During the past few years, the main focus of conversations regarding AI infrastructure was primarily on training clusters. The main emphasis was on significant models, substantial GPU clusters, closely knit scale-out networks, and the immense synchronization requirements brought about by collaborative communication among a multitude of accelerators.
The fiber arrangement mirrored these priorities through extended optical spans across buildings and campuses, high-capacity north-south traffic, and highly dense interconnection setups. The significance of that model persists. Nevertheless, deployment tendencies in 2026 are leaning towards a different direction.
A key development in AI during the past year is that inference has surpassed training as the main operational task. In essence, there is a greater amount of computational resources being utilized for applying models rather than creating them. This signifies the evolution of AI from a primarily research-focused domain to an operational one.
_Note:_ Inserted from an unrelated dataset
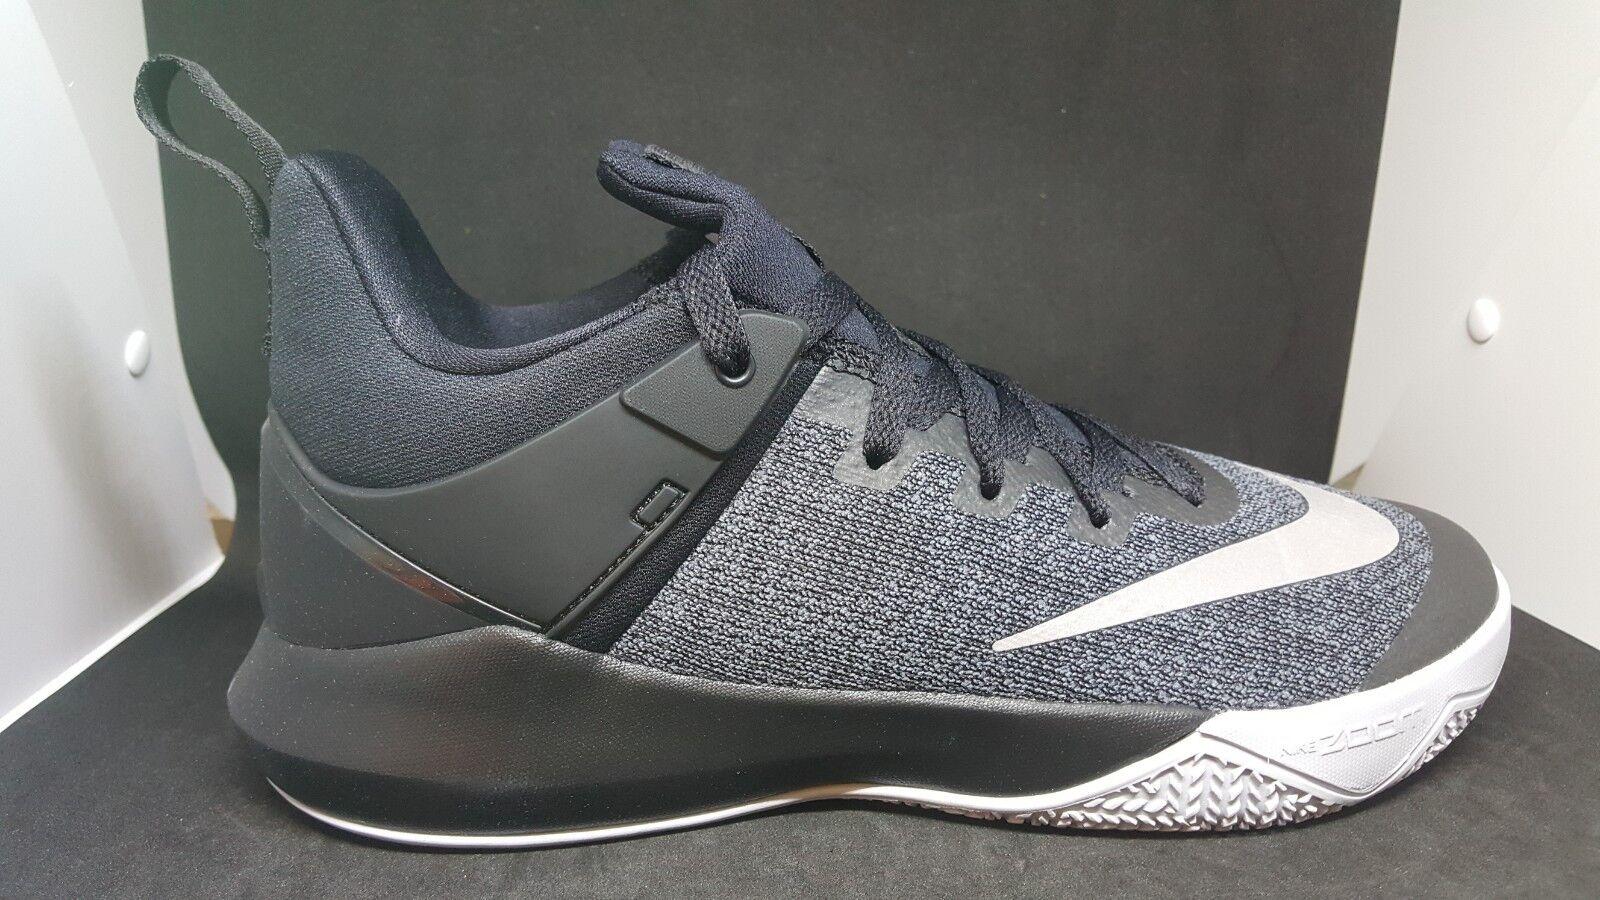 check out 6d87a 15be8 -Nike Zoom Shift Men s Basketball Shoes 897653 002 US Sz Sz Sz 9 0de865

The introduction of inference brings about a distinct shift in the infrastructure’s behavior. Over the past few months, I’ve noticed that the discourse on infrastructure has not completely aligned with the practical aspects occurring within AI systems. Many of the discussions in public are still focused on topics such as the number of accelerators, power usage, and large-scale training clusters for hyperscale computing.
Much less attention was paid to the practical implications for optical infrastructure, pathway allocation, topology planning, and physical network architecture. Consequently, my colleagues and I started working on a white paper series that concentrates on the connection between AI workload behavior and physical infrastructure design.